An anonymous reader quotes a report from The Conversation: To detect audio deepfakes, we and our research colleagues at the University of Florida have developed a technique that measures the acoustic and fluid dynamic differences between voice samples created organically by human speakers and those generated synthetically by computers.
The first step in differentiating speech produced by humans from speech generated by deepfakes is understanding how to acoustically model the vocal tract. Luckily scientists have techniques to estimate what someone — or some being such as a dinosaur — would sound like based on anatomical measurements of its vocal tract. We did the reverse. By inverting many of these same techniques, we were able to extract an approximation of a speaker’s vocal tract during a segment of speech.
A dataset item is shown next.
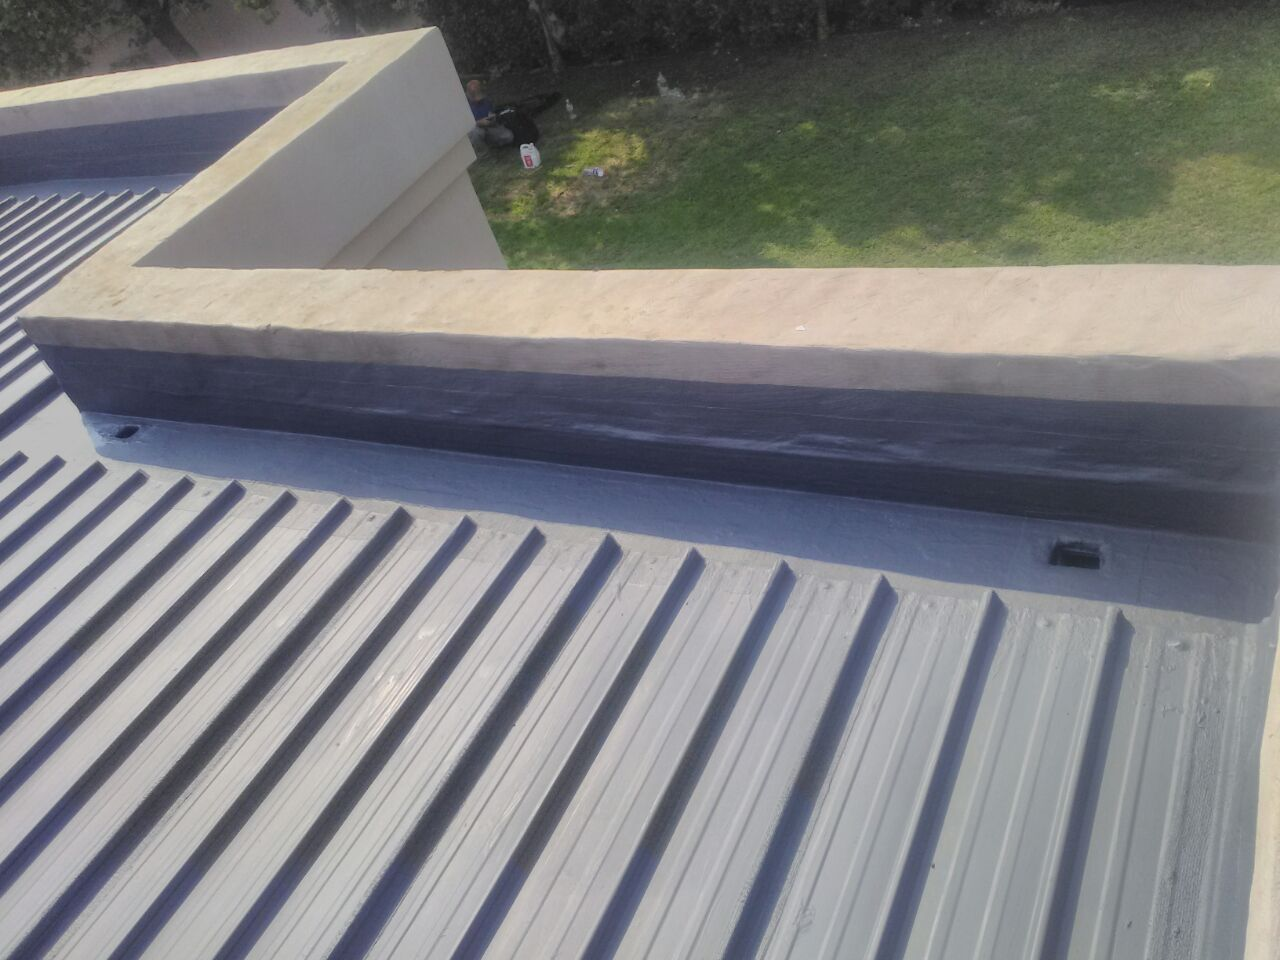 Contact Roof Repairs Pretoria

This allowed us to effectively peer into the anatomy of the speaker who created the audio sample.
From here, we hypothesized that deepfake audio samples would fail to be constrained by the same anatomical limitations humans have. In other words, the analysis of deepfaked audio samples simulated vocal tract shapes that do not exist in people. Our testing results not only confirmed our hypothesis but revealed something interesting. When extracting vocal tract estimations from deepfake audio, we found that the estimations were often comically incorrect. For instance, it was common for deepfake audio to result in vocal tracts with the same relative diameter and consistency as a drinking straw, in contrast to human vocal tracts, which are much wider and more variable in shape. This realization demonstrates that deepfake audio, even when convincing to human listeners, is far from indistinguishable from human-generated speech. By estimating the anatomy responsible for creating the observed speech, it’s possible to identify the whether the audio was generated by a person or a computer.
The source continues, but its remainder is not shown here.